Creio que esta ideia pluralista tem consequências. O pluralismo vê o legado europeu e ocidental como fruto de uma permanente conversação, não como busca monista de um modelo de perfeição (que talvez fizesse sentido nas tradições da Rússia ou da China).

Uma primeira consequência desta perspectiva pluralista pode ser citada a propósito do projecto da moeda única europeia, o euro. Basicamente, numa perspectiva pluralista, o projecto do euro não deve ser identificado com o projecto da União Europeia.

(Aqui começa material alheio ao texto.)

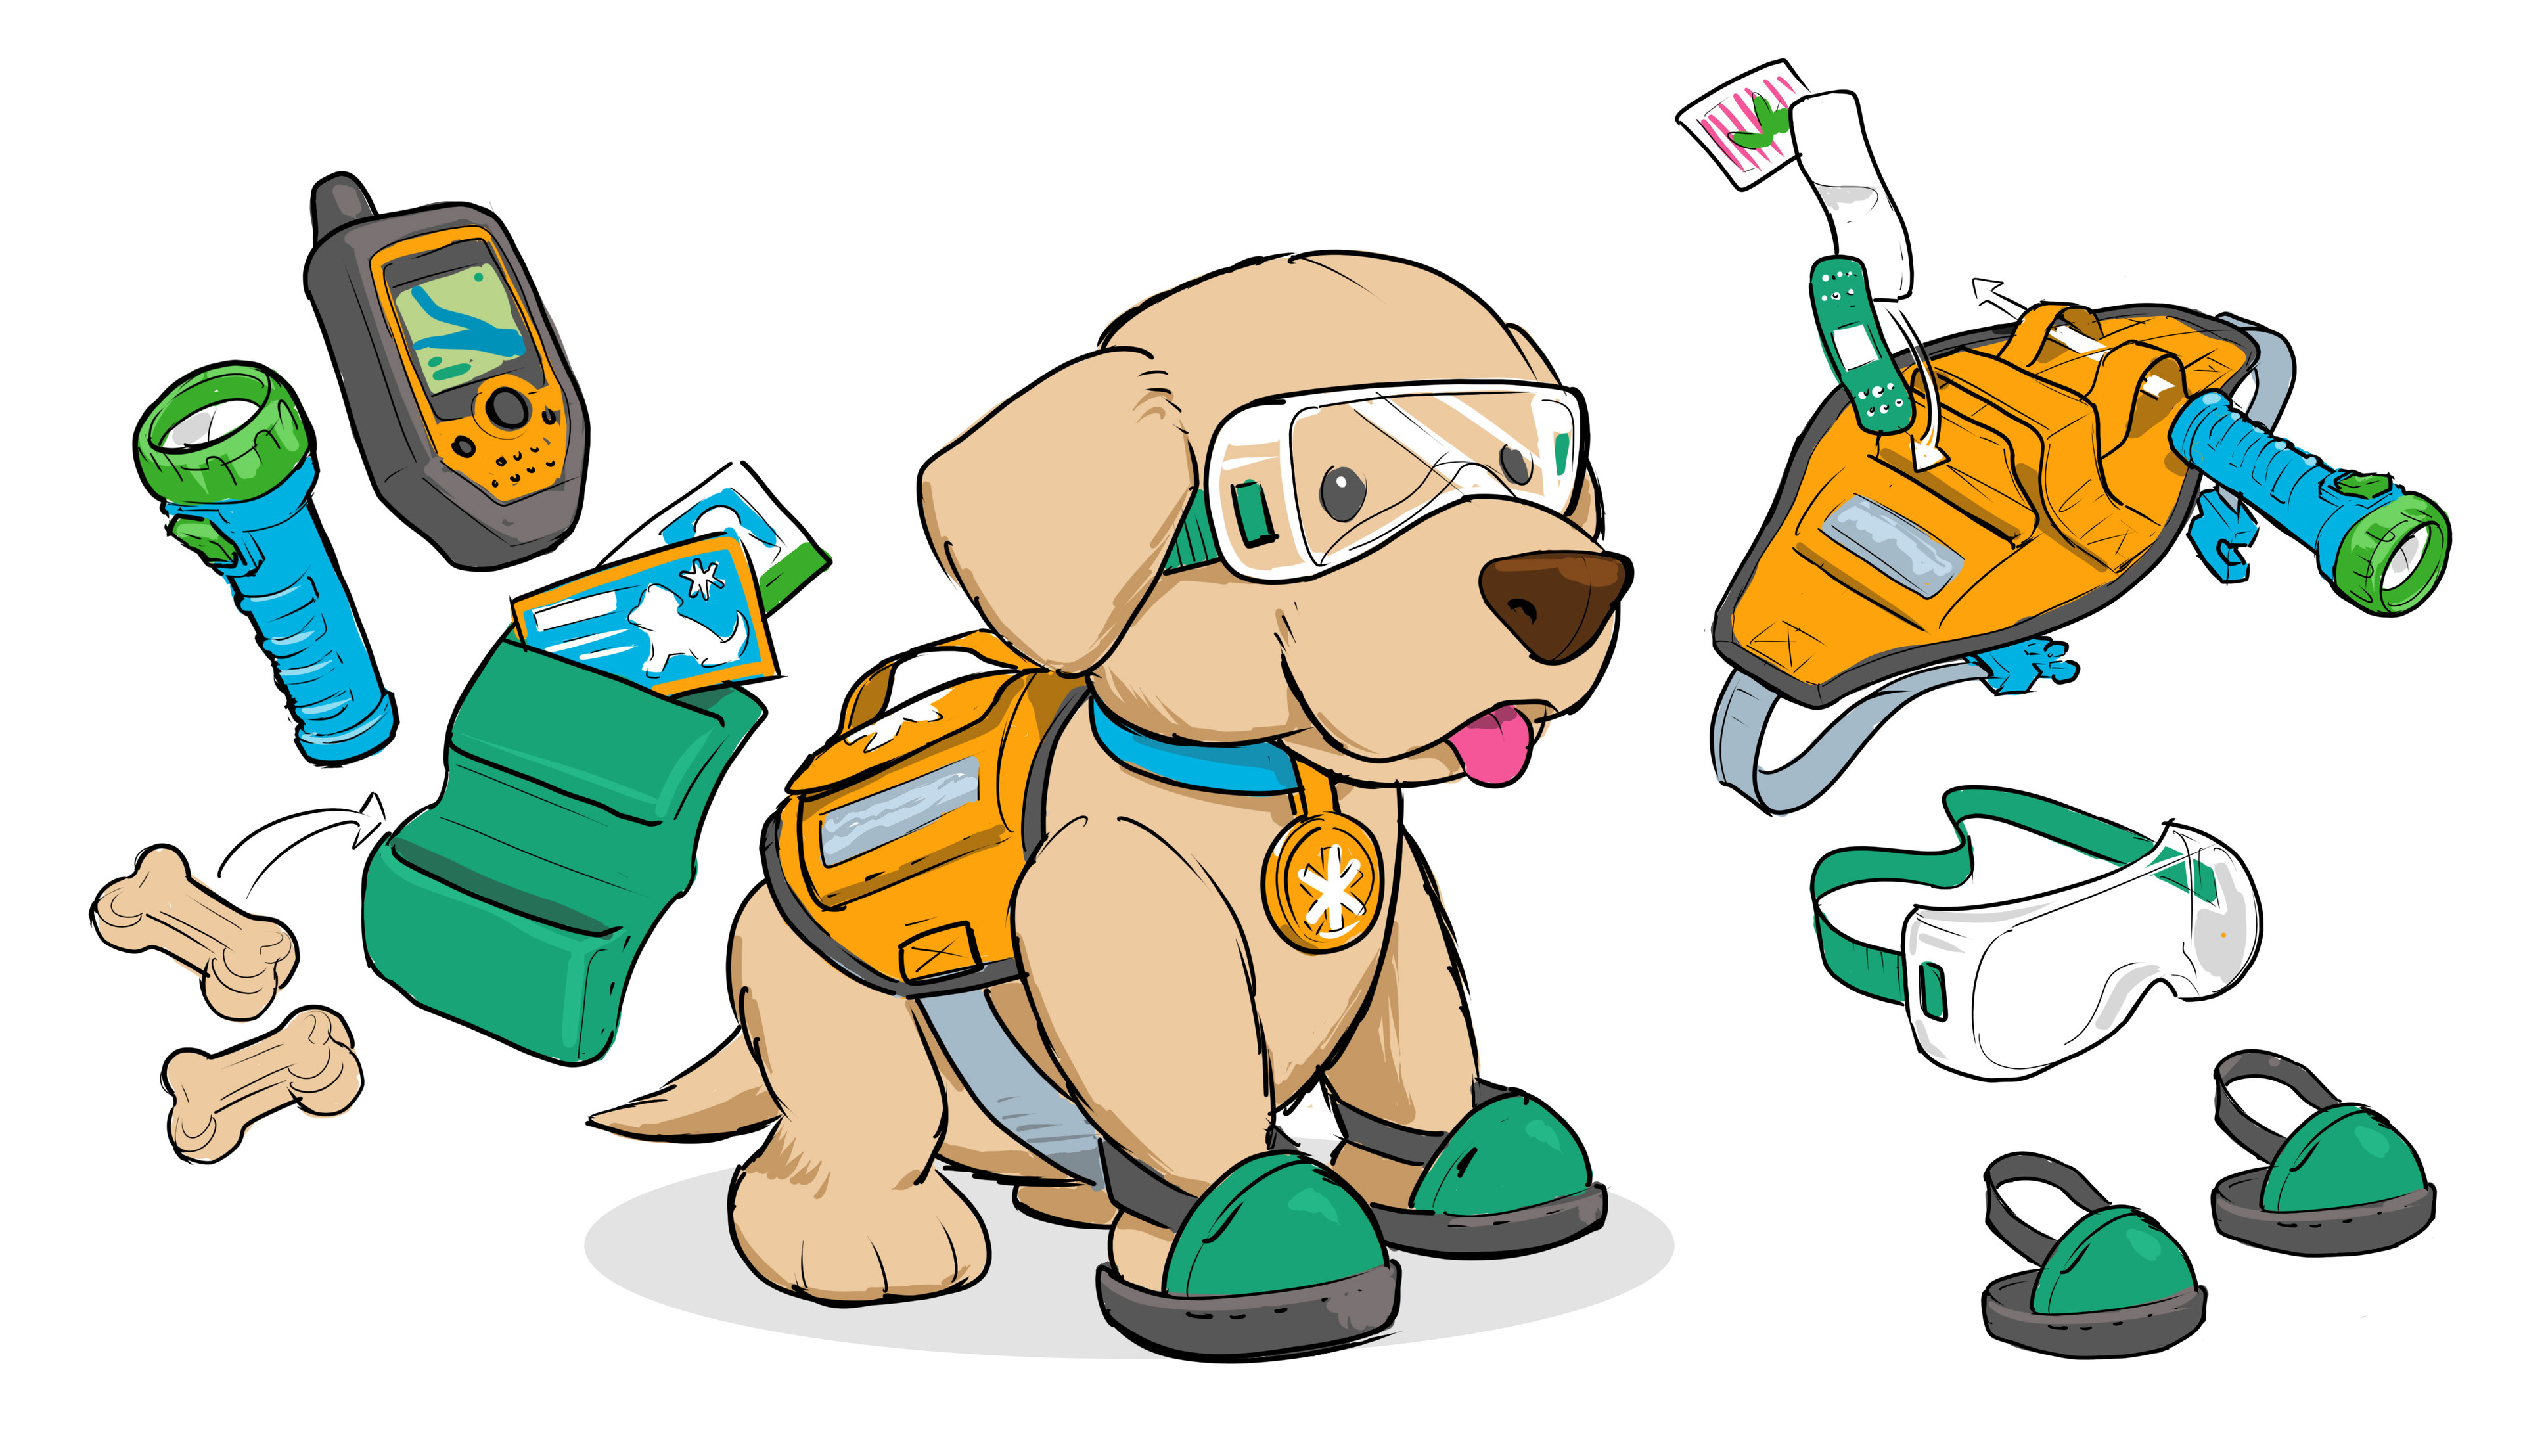 The Ranger Dog is one of my favorite sketches from my time at Melissa and Doug. I based this toy around an earlier plush offering, and tried to pack in as much play value as the little guy could carry!

Esta deve abrir mais espaço para a inclusão de diferentes escolhas dos estados membros — e diferentes combinações entre essas escolhas.

Uma outra consequência da disposição pluralista é o reconhecimento do Estado-nação enquanto lar da democracia parlamentar e constitucional. Isto claramente contraria a convicção hoje dominante de que o Estado-nação está obsoleto. E contraria enfaticamente a ideia corrente de que o caminho a seguir pela União Europeia terá de ser, ou deverá ser sempre, o de maior integração supranacional. Esta ideia de sempre maior integração supranacional, frequentemente associada à expressão “Mais Europa”, arrisca-se na verdade a produzir como resultado “mais Europa com menos europeus”.

Um outro ponto que vale a pena referir é que na civilização europeia e ocidental existem tradições marítimas e tradições continentais. Nenhuma é perfeita e nenhuma delas deve aspirar à supremacia. O que mais distingue as culturas políticas marítimas, neste caso a atlântica, é a maior facilidade em lidar com a variedade, com uma certa desarrumação, e com a descentralização. Por outras palavras, as culturas políticas marítimas favorecem o pluralismo e naturalmente sentem desconforto com atmosferas monistas associadas a modelos centralizadores.

A preservação da União Europeia, enquanto casa comum das nações europeias, dificilmente será possível sem um entendimento pluralista do projecto europeu, em articulação com a dimensão atlântica. Foi a aliança euro-atlântica que garantiu a paz e a prosperidade na Europa desde o final da II Guerra. Chegou de novo a altura de recordar e defender o pluralismo euro-atlântico contra os sonhos monistas de uniformização — quer continentais, quer eventualmente insulares.